--- Work instruction ---
One exact copy of the listing is needed. It should contain no pictures.
--- Data section ---
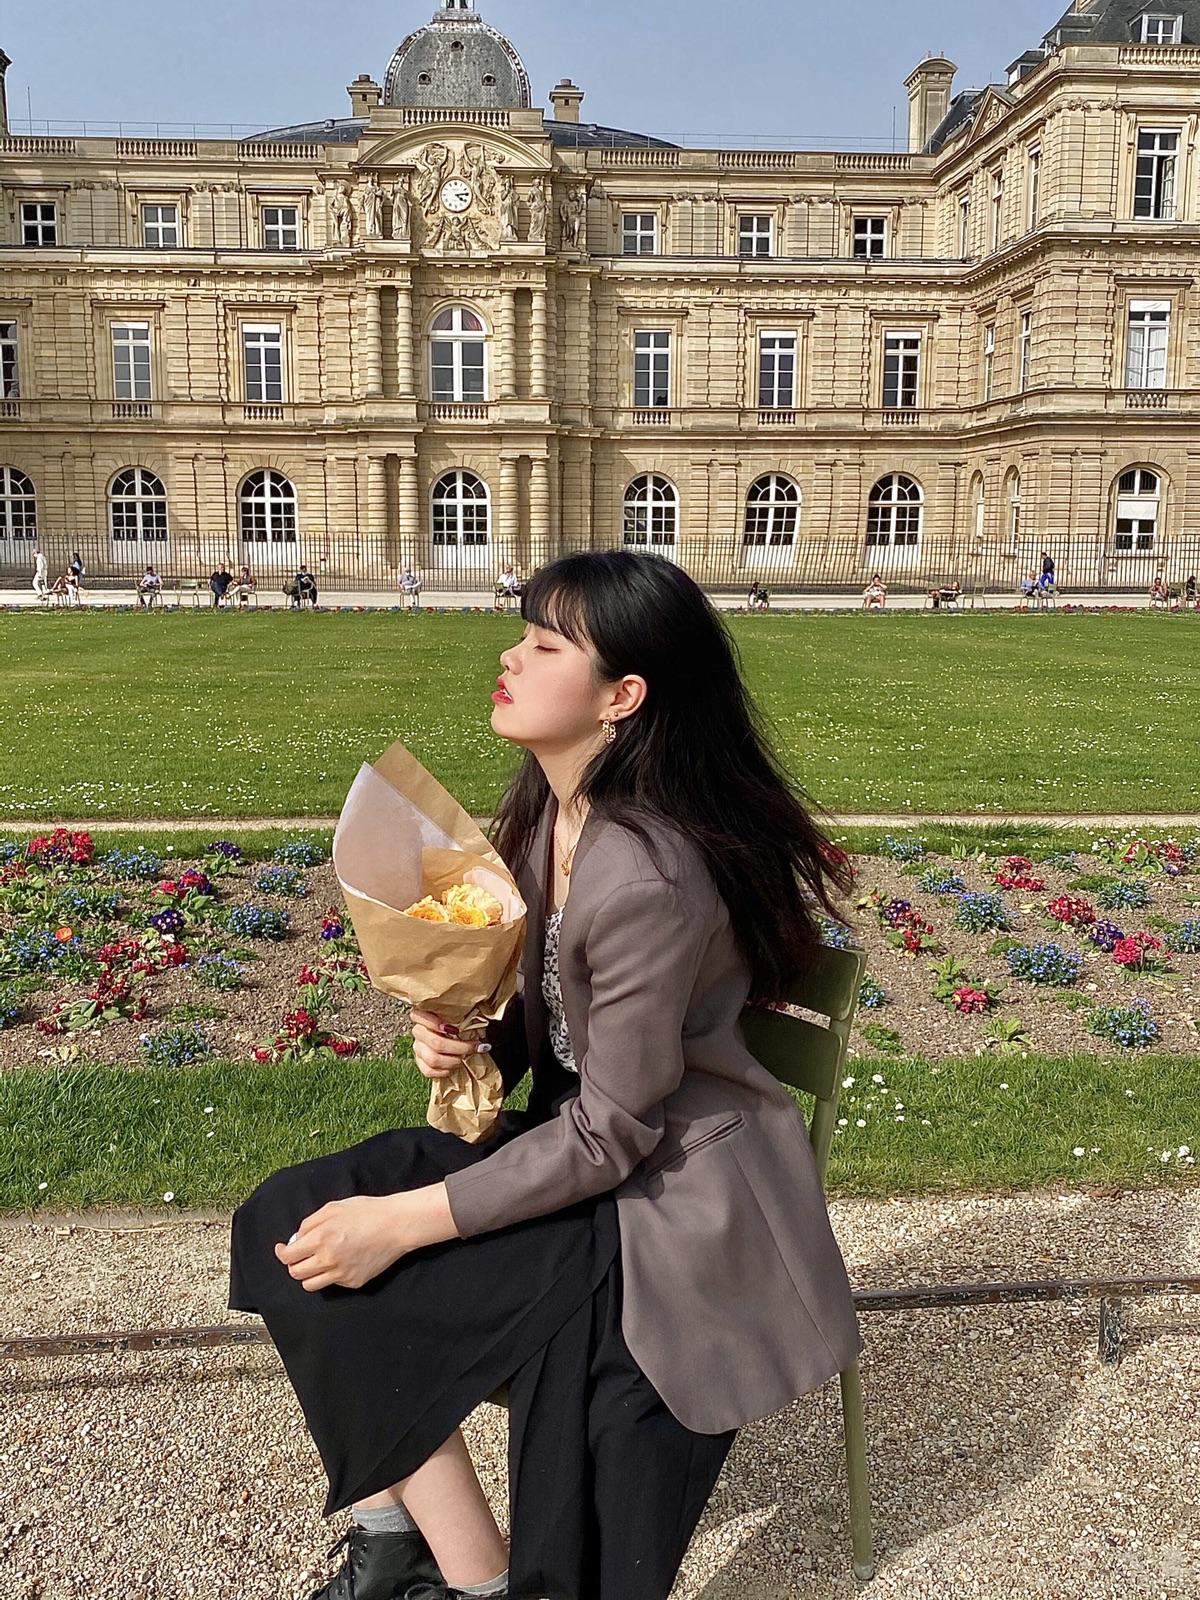 给自己买花💐| 法式浪漫生活的秘诀🇫🇷
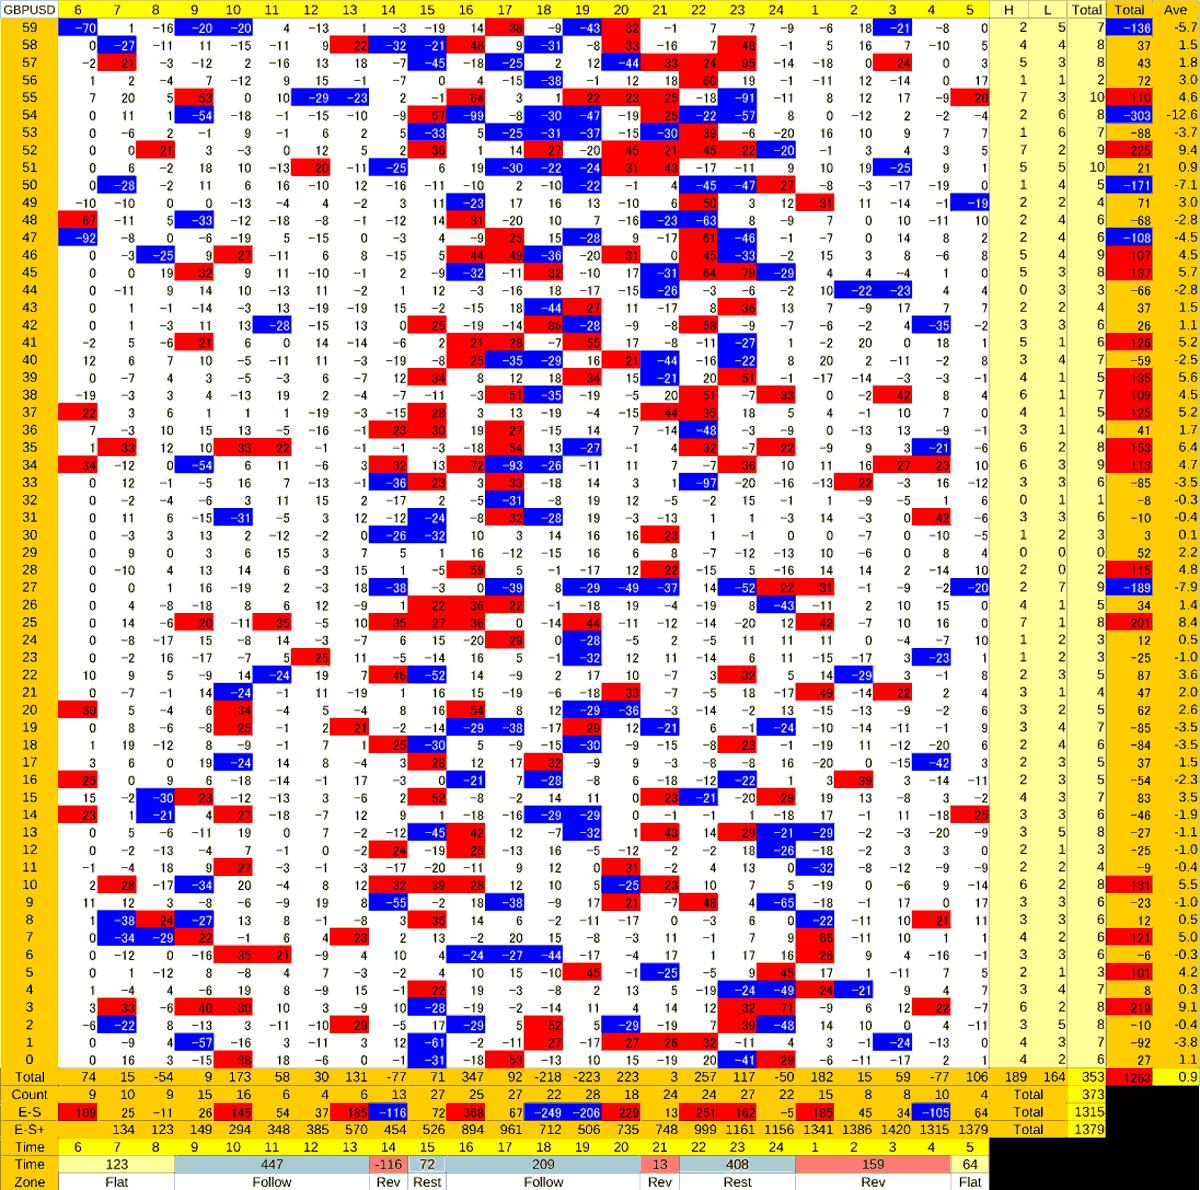 20200622_HS(2)GBPUSD
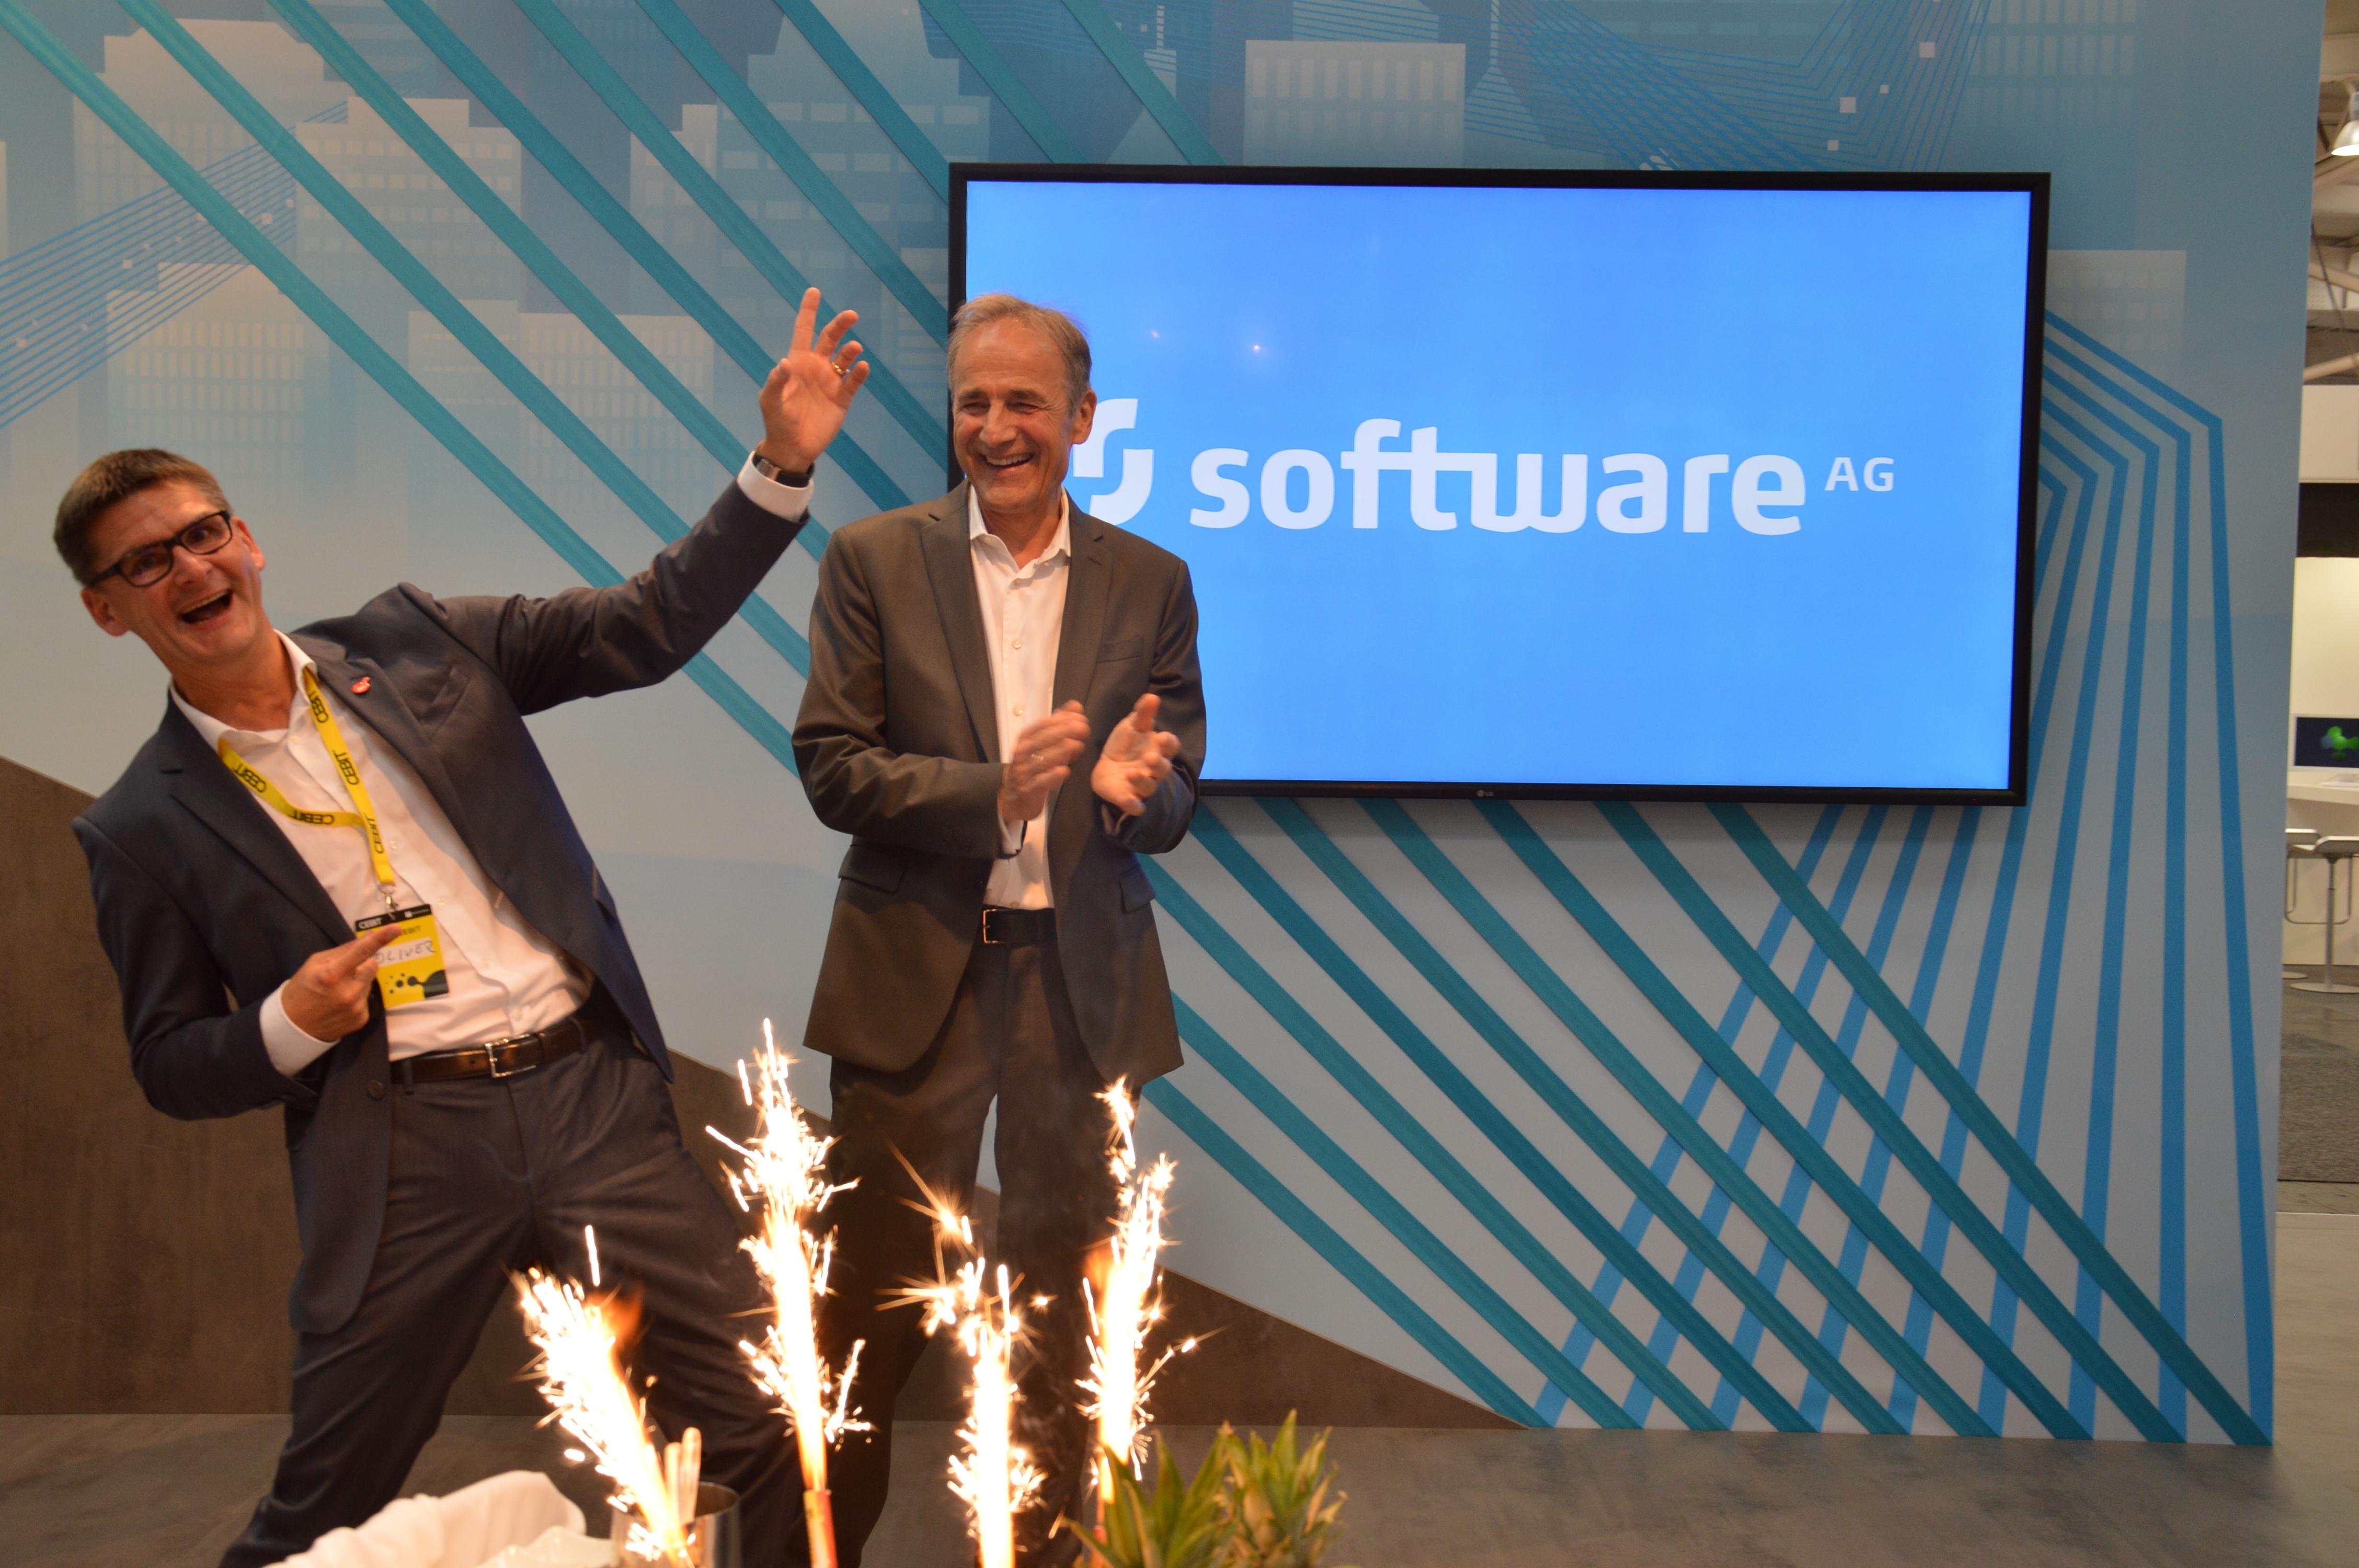 Software AG's CEO Karl-Heinz Streibich
---
--- Response ---
 给自己买花💐| 法式浪漫生活的秘诀🇫🇷
 20200622_HS(2)GBPUSD
 Software AG's CEO Karl-Heinz Streibich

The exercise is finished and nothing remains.